Keep the pictures out. Write out every line of the listing exactly.

Data segment ->
#####
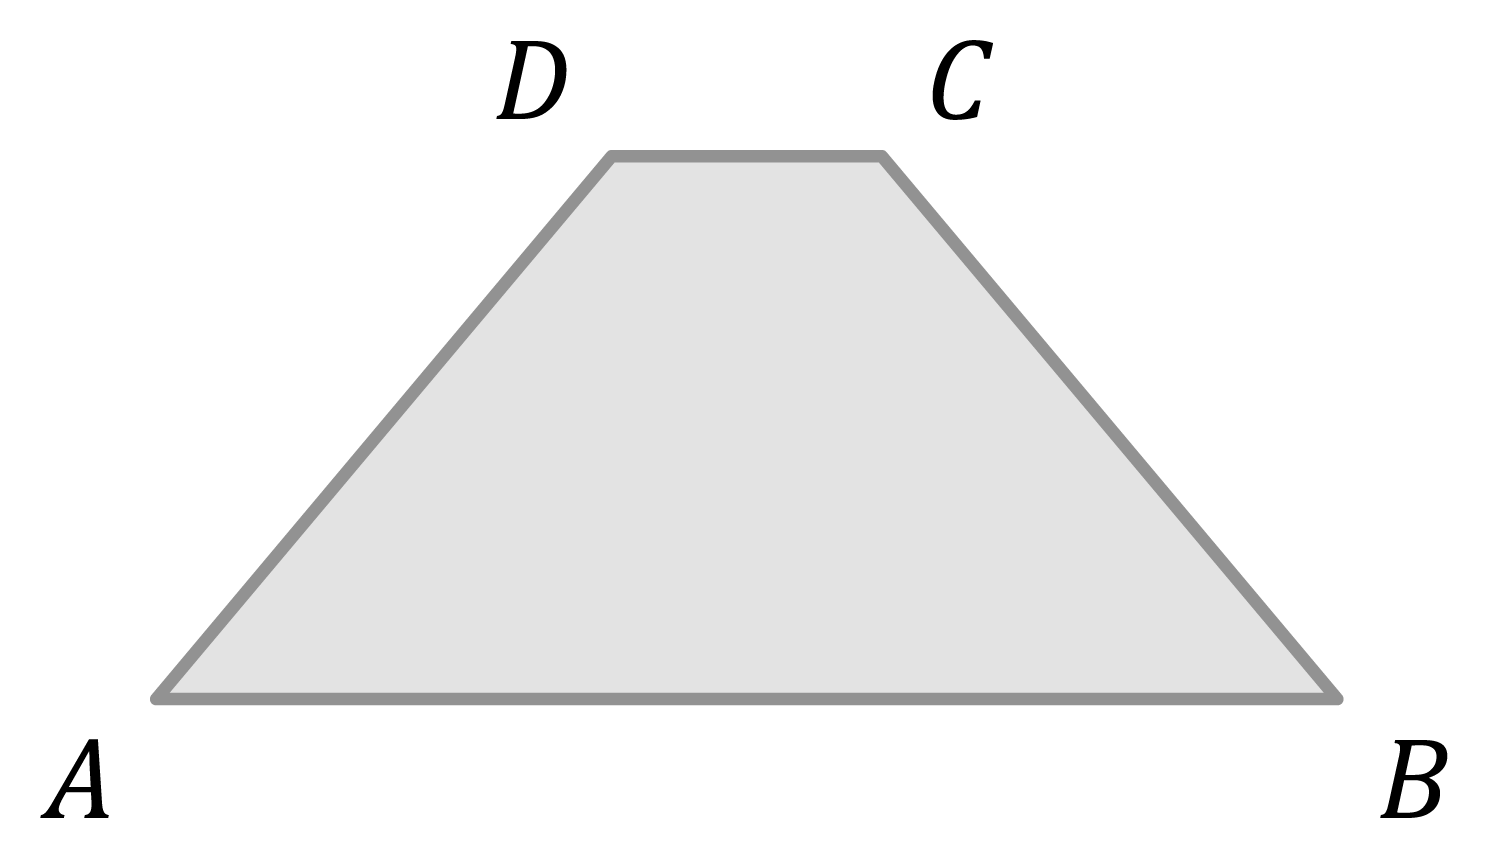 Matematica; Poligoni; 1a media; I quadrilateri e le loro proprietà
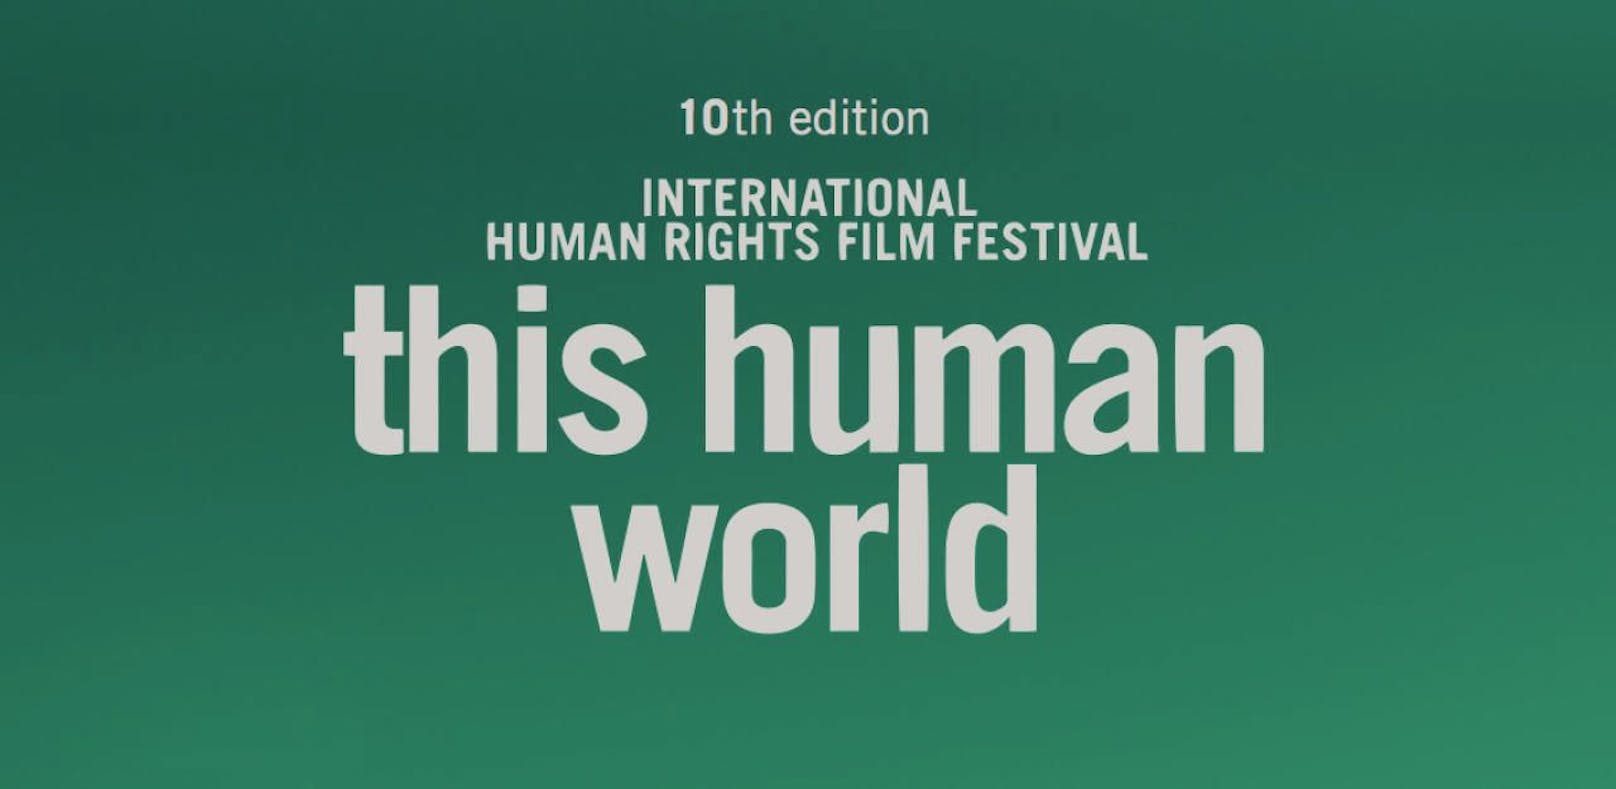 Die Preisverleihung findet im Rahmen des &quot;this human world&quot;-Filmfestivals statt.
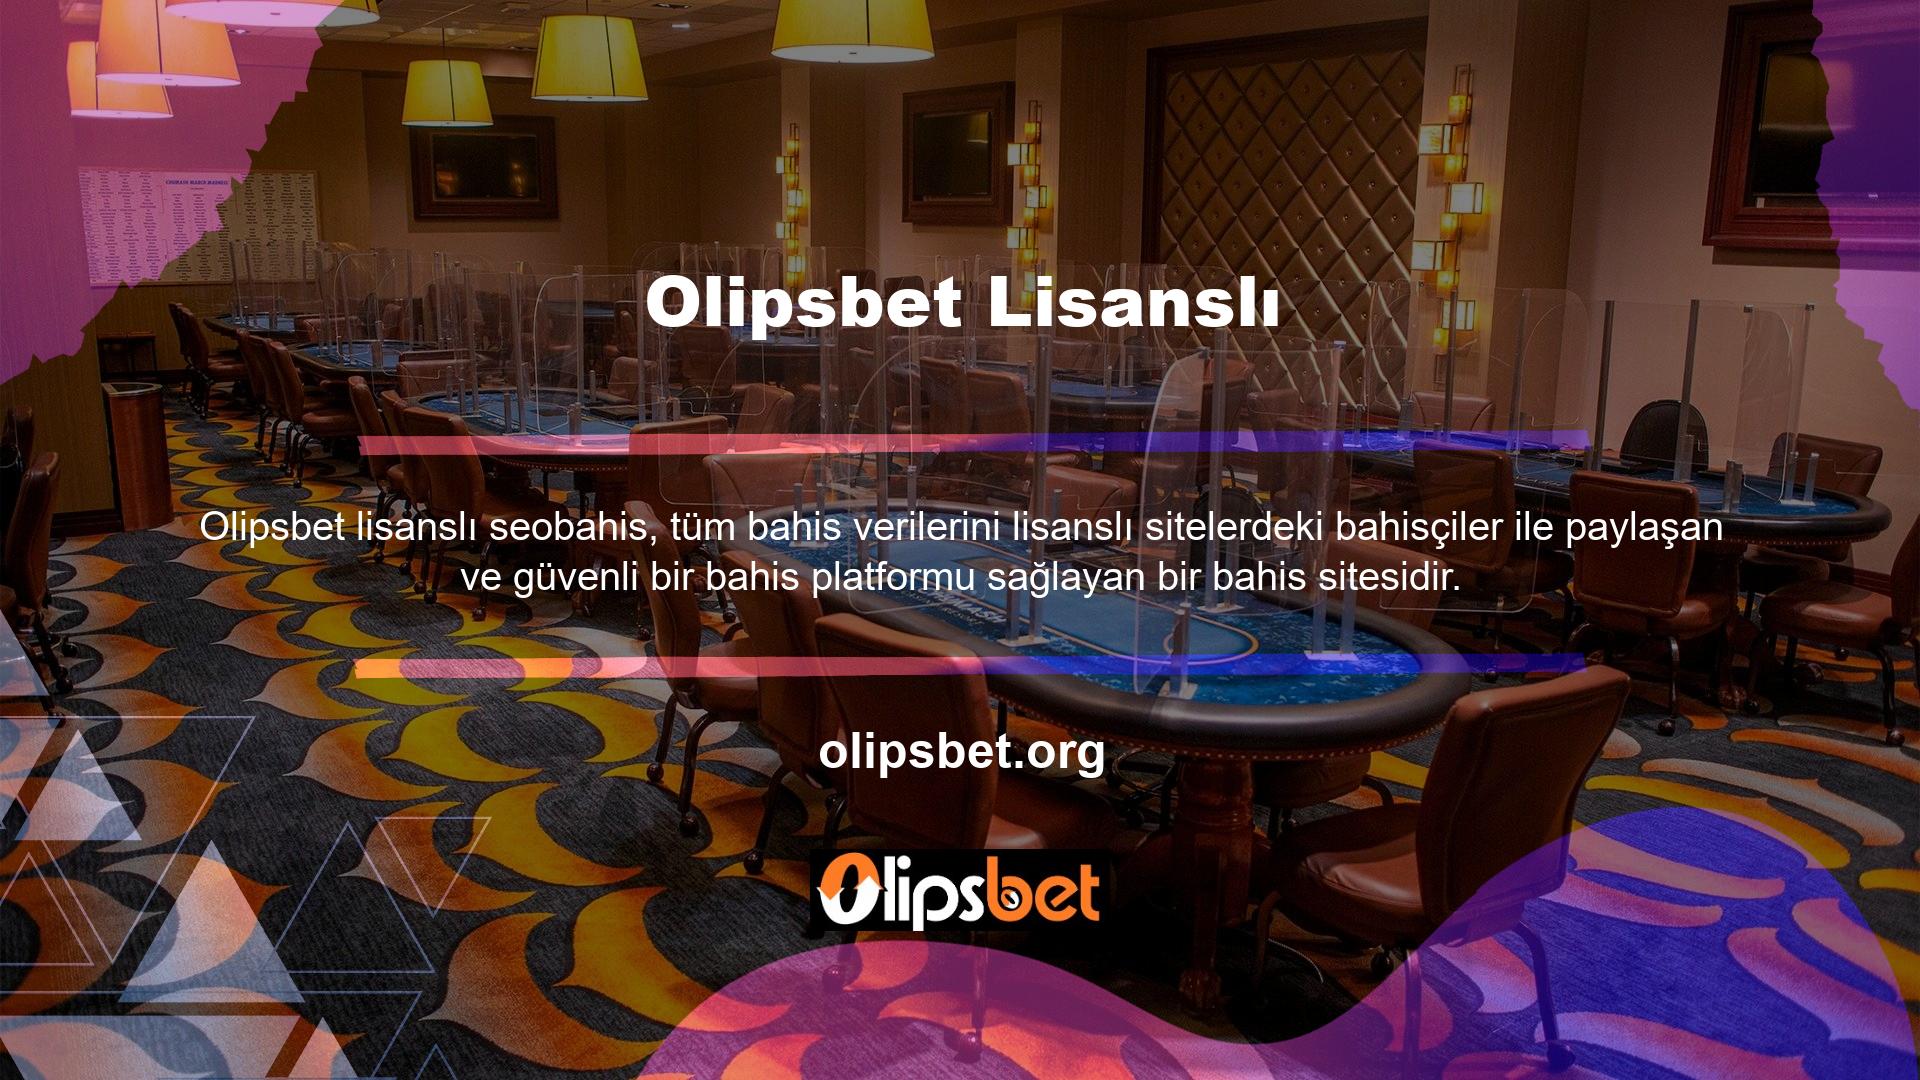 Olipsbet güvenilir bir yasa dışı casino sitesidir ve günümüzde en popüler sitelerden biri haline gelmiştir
#####
Answer below ->
 Matematica; Poligoni; 1a media; I quadrilateri e le loro proprietà
 Die Preisverleihung findet im Rahmen des &quot;this human world&quot;-Filmfestivals statt.
 Olipsbet güvenilir bir yasa dışı casino sitesidir ve günümüzde en popüler sitelerden biri haline gelmiştir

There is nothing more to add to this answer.